Toolbox | Track Tools () | Graphs
Graph tracks can also be created directly from the track view or track list view by right-clicking the track you wish to use as input, which will give access to the toolbox.
The Create GC Content Graph tool needs a sequence track as input and will create a graph track with the GC contents of that sequence.
This track can then be displayed together with the sequence and other tracks in a track list.
The Create Mapping Graph can create the following graphs from a mapping track (see figure 24.28).
- Read coverage. For each position this graph shows the number of reads contributing to the alignment (see a more elaborate definition in Reference sequence statistics).
- Non-specific read coverage. Non-specific reads are reads that would fit equally well other places in the reference genome.
- Unaligned ends coverage. Un-aligned ends arise when a read has been locally aligned to a reference sequence, and then end of the read is left unaligned because there are mismatches or gaps relative to the reference sequence. This part of the read does not contribute to the read coverage above. The unaligned ends coverage graph shows how many reads that have unaligned ends at each position.
- Non-perfect read coverage. Non-perfect reads are reads with one or more mismatches or gaps relative to the reference sequence.
- Paired read coverage. This lists the coverage of intact pairs. If there are no single reads and no pairs are broken, it will be the same as the standard read coverage above.
- Broken pair coverage. A pair is broken either because only one read in the pair matches, or because the distance or relative orientation between the reads is wrong.
- Paired end distance. Displays the average distance between the forward and the reverse read in a pair. A pair contributes to this graph from the beginning of the first read to the end of the second read.
The Identify Graph Threshold Areas tool uses graph tracks as input to identify graph regions that fall within certain limits (thresholds). Both a lower and an upper threshold can be specified to create an annotation track for those regions of a graph track where the values are in the given range (see figure 24.29). Consequently, in order to identify only those parts of the track that exceed a certain minimum, one would choose the minimum threshold and set the upper limit to a value well above the maximum occurring in the track (and vice versa for finding ranges that are below a maximum threshold). Obviously, the range chosen for the lower and upper thresholds will depend on the data (coverage, quality etc.).
The "window-size" parameter specifies the width of the window around every position that is used to calculate an average value for that position and hence "smoothes" the graph track beforehand. A window size of 1 will simply use the value present at every individual position and determine if it is within the upper and lower threshold, hence resulting in the same "non-smoothing" behavior as previous versions of the workbench without this parameter. In contrast, a window size of 100 checks if the average value derived from the surrounding 100 positions falls between the minimum and maximum threshold. Such larger windows help to prevent "jumps" in the graph track from fragmenting the output intervals or help to detect over-represented regions in the track that are only visible when looked at in the context of larger intervals and lower resolution. An example output is shown in figure 24.30 where the coverage graph has a couple of local minima near zero. However, by using the averaging window, the tool is able to produce a single unbroken annotation covering the entire region. Of course larger window sizes result in regions that are broader and hence their boundaries are less likely to exactly coincide with the borders of visually recognizable borders of regions in the track.

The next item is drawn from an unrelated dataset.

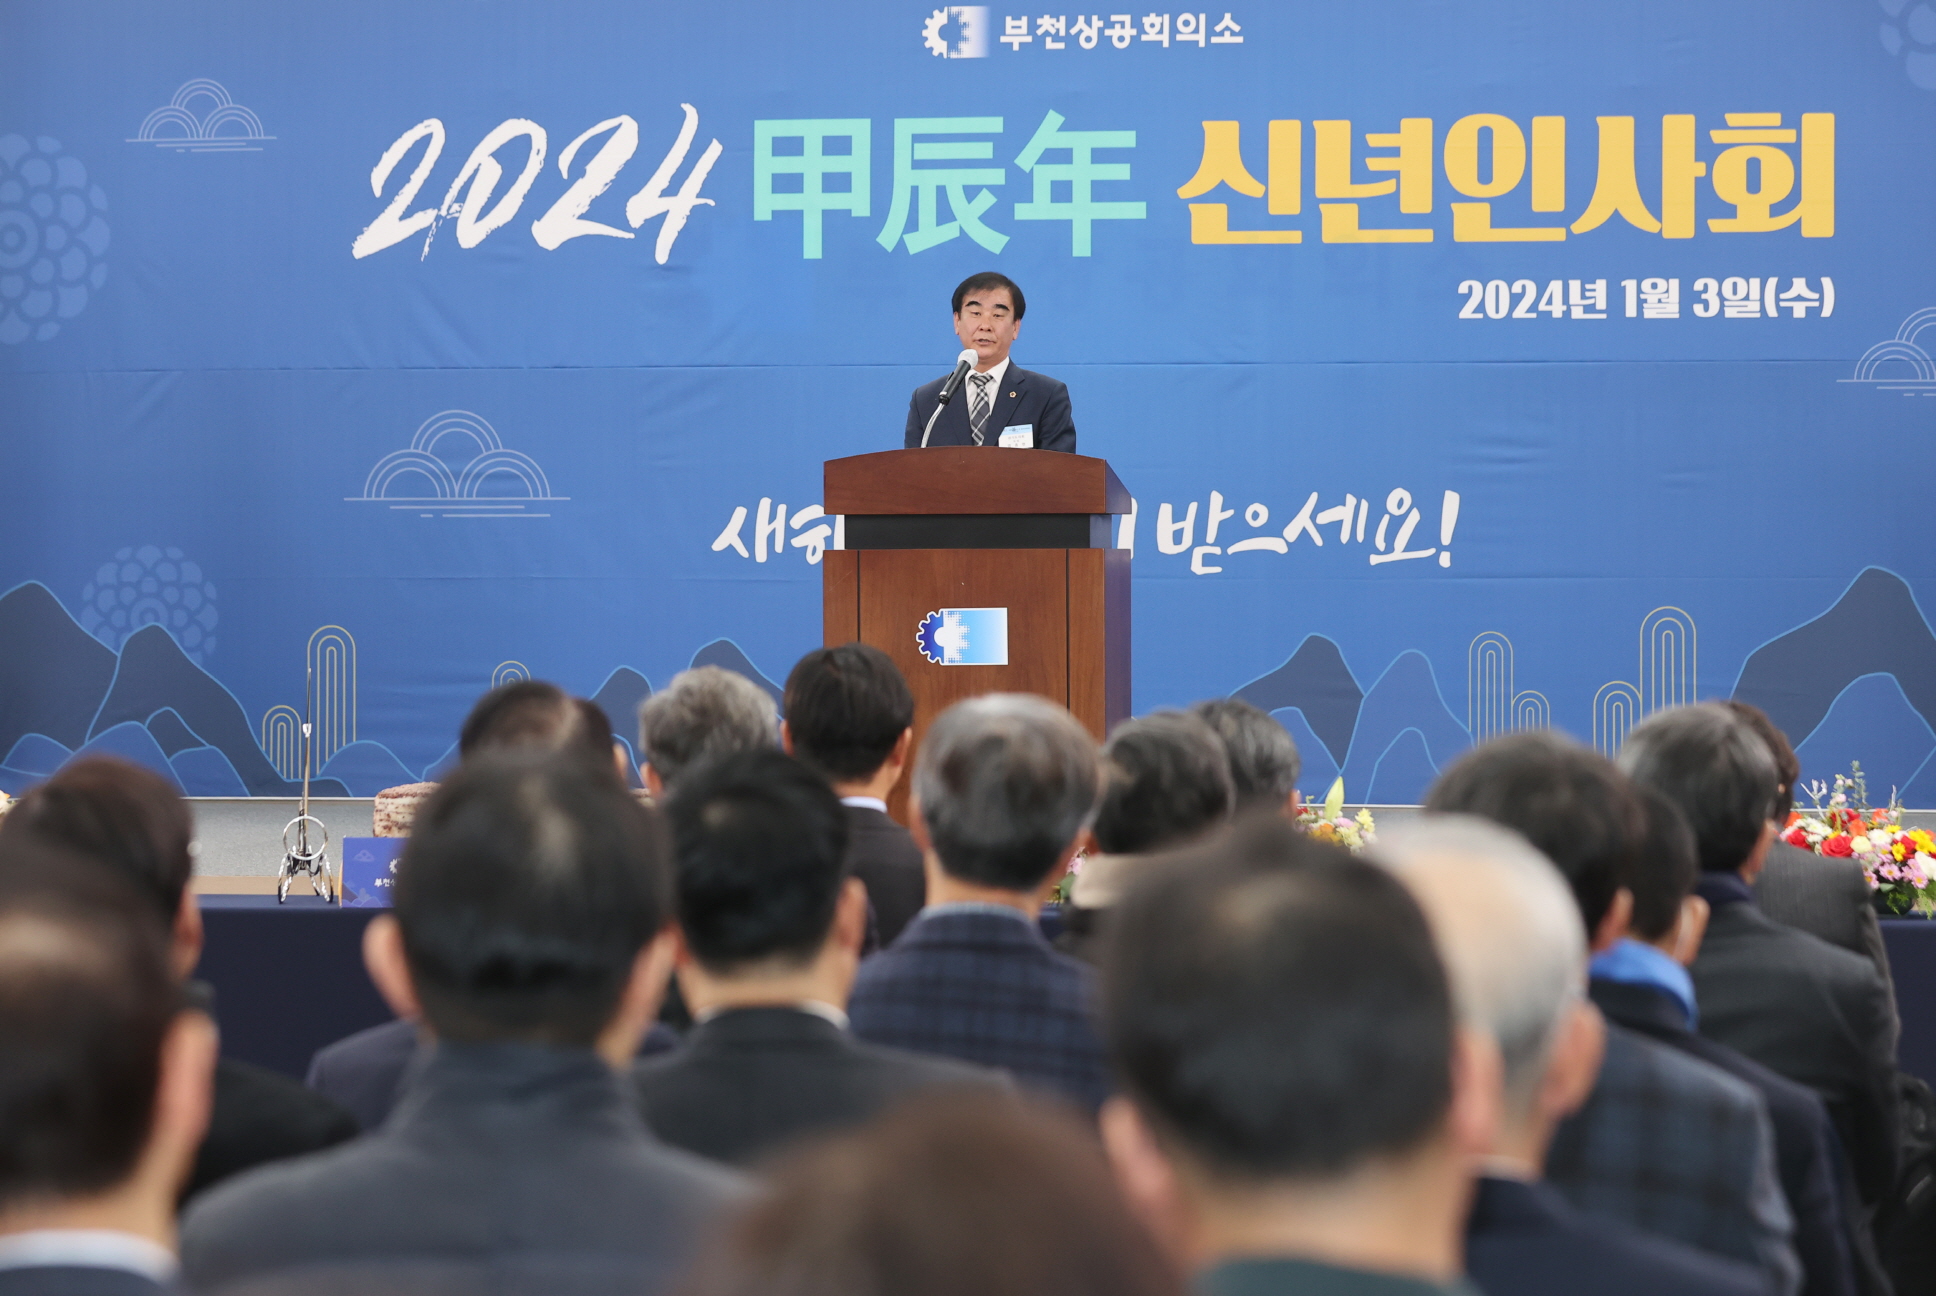 염종현 경기도의회 의장 부천상공회의소 신년인사회 참석

When zoomed out, the graph tracks are composed of three curves showing the maximum, mean, and minimum value observed in a given region (see figure 24.30). When zoomed in all the way down to base resolution only one curve will be shown reflecting the exact observation at each individual position.
Figure 24.3: Track list including a region identified by the parameters set above on a dataset of H3K36 methylation from ENCODE. The top track shows the resulting region. Below is the track containing the reads. The graph track at the bottom shows the coverage with the minimum, mean, and maximum observed values.